─── SOURCE DATA ───
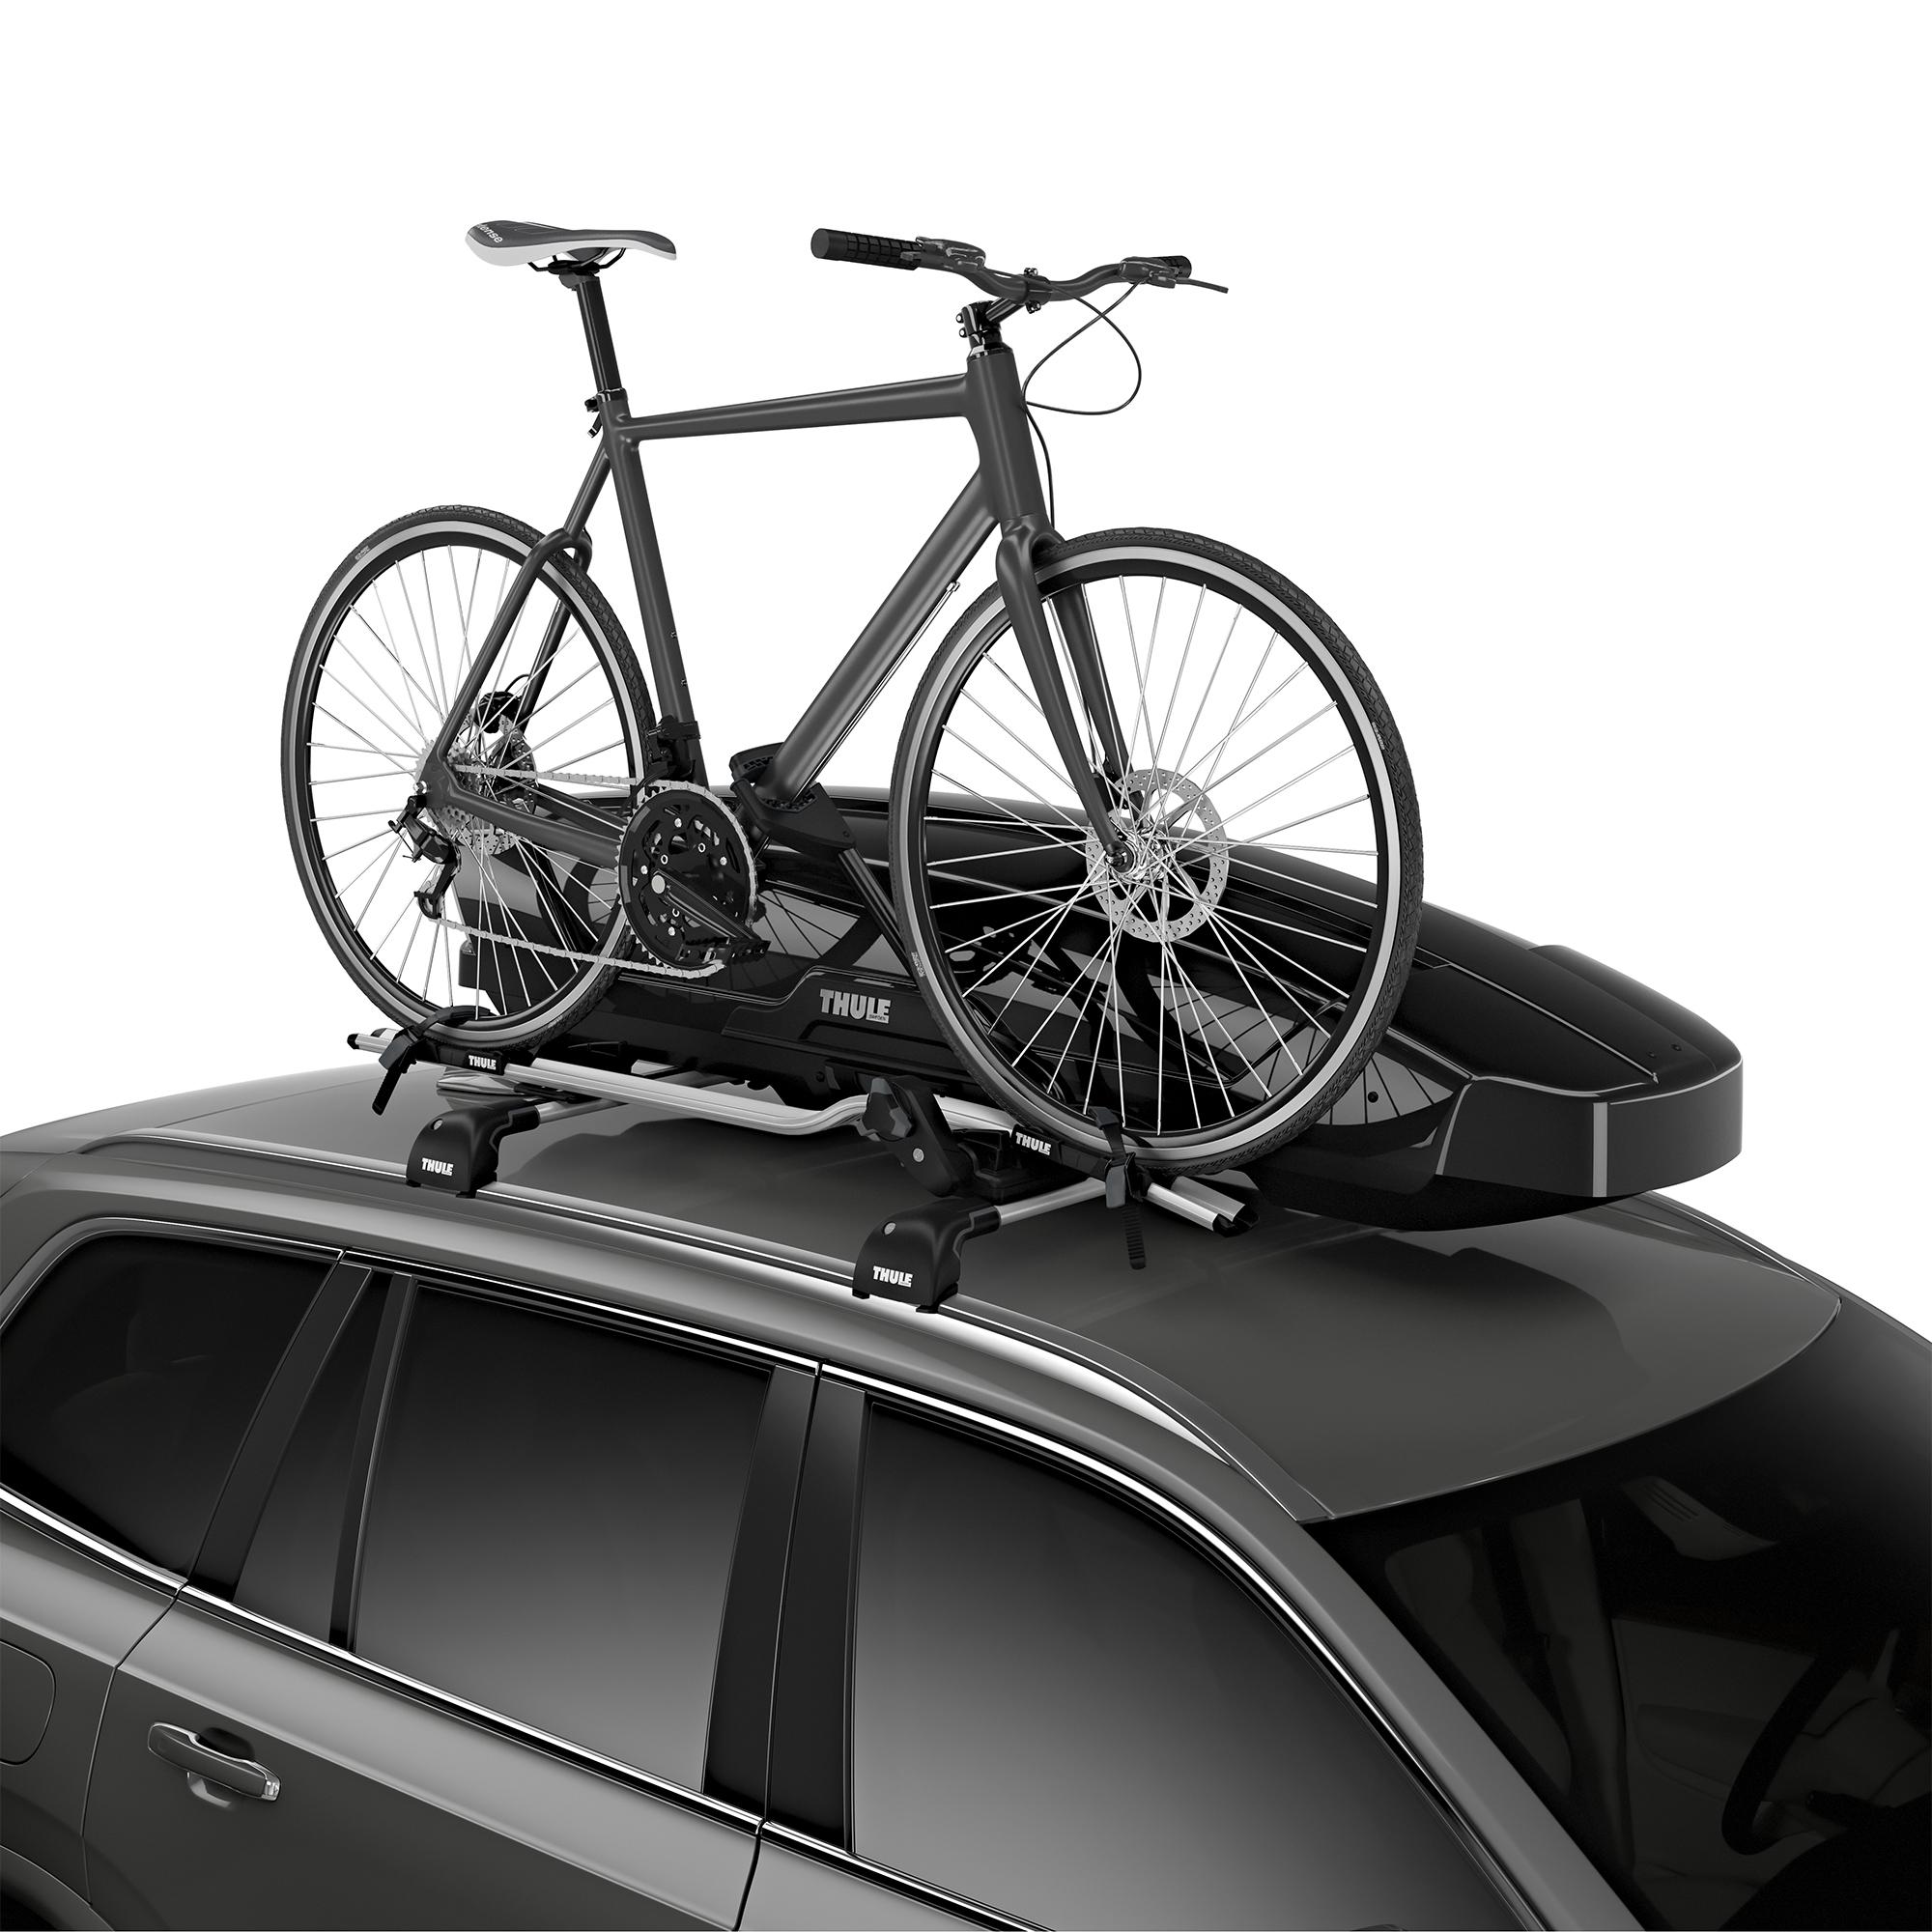 Dachbox THULE Motion XT SPORT schwarz glänzend | Motion XT ...
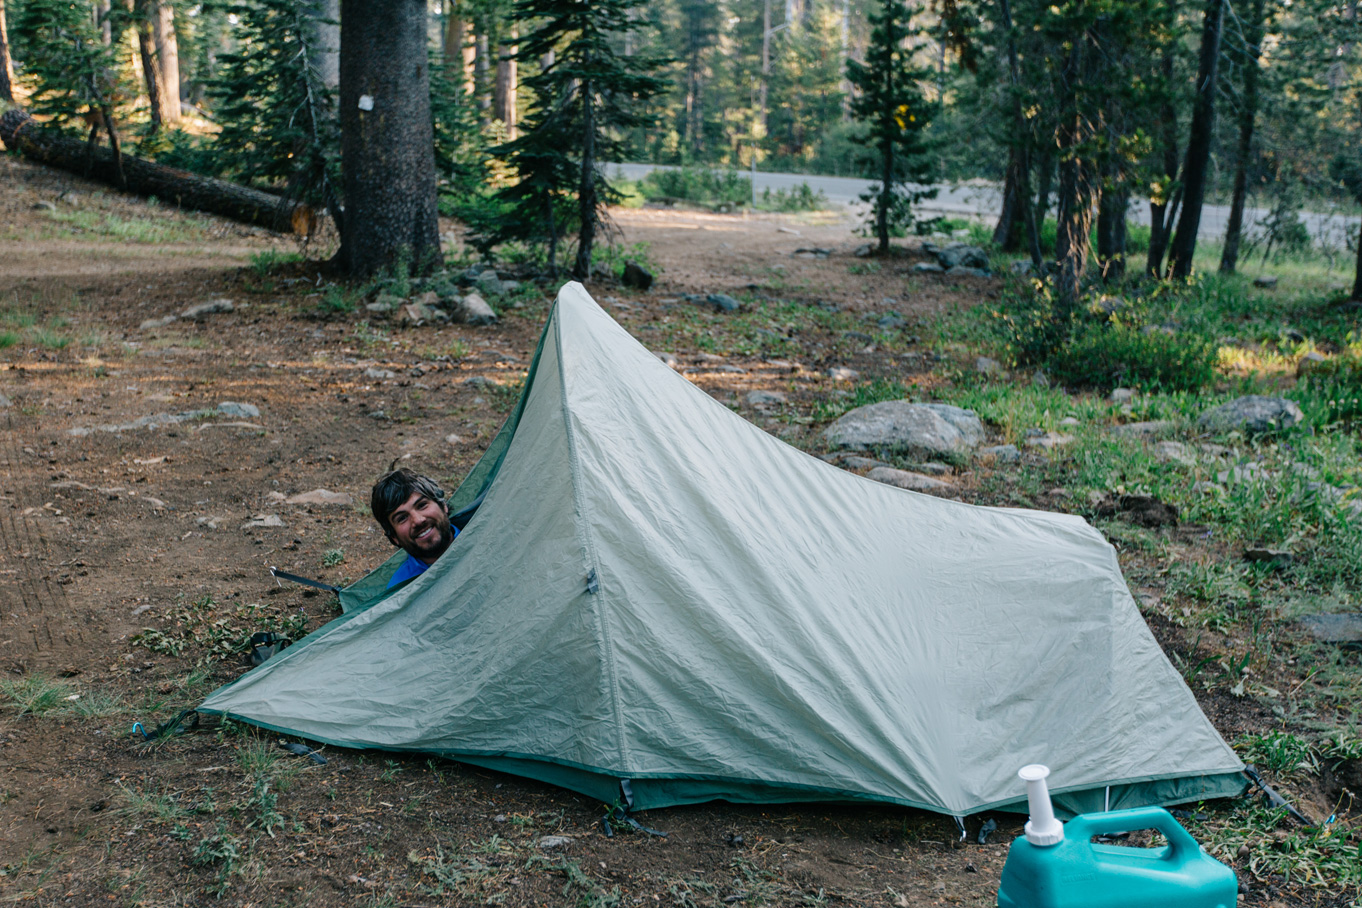 CindyGiovagnoli_outdoors_photographer_Sierra_Buttes_firetower_watchtower_Sardine_Snag_Bear_lake_hike_swim_camp-045.jpg
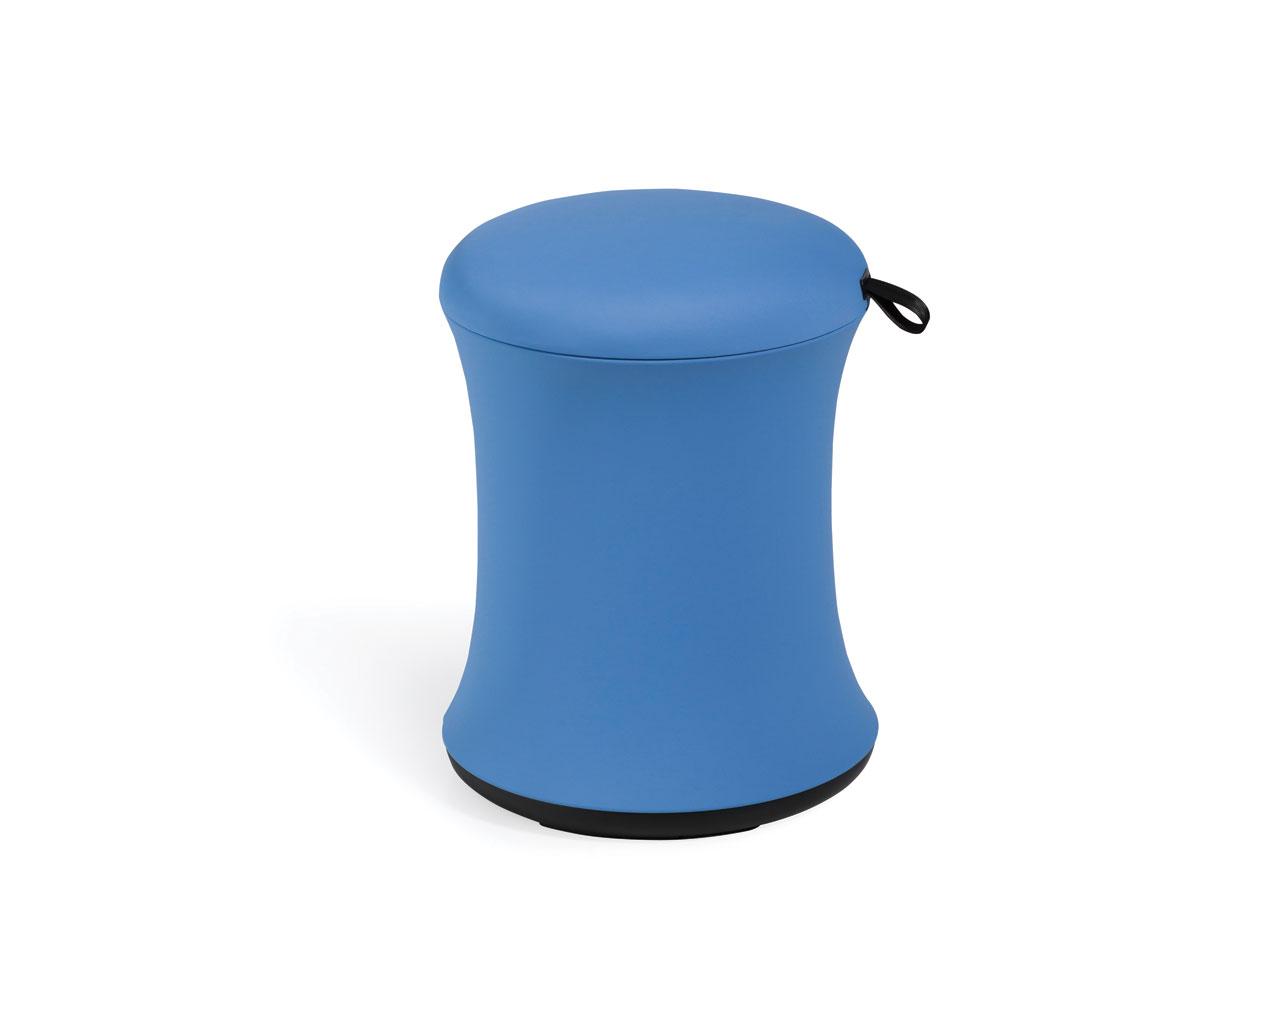 Blue office stool
───
▶ HOW TO COMPLETE THIS TASK
Copy the data above line for line, skipping every picture.

▶ RESPONSE TO THIS EXERCISE
 Dachbox THULE Motion XT SPORT schwarz glänzend | Motion XT ...
 CindyGiovagnoli_outdoors_photographer_Sierra_Buttes_firetower_watchtower_Sardine_Snag_Bear_lake_hike_swim_camp-045.jpg
 Blue office stool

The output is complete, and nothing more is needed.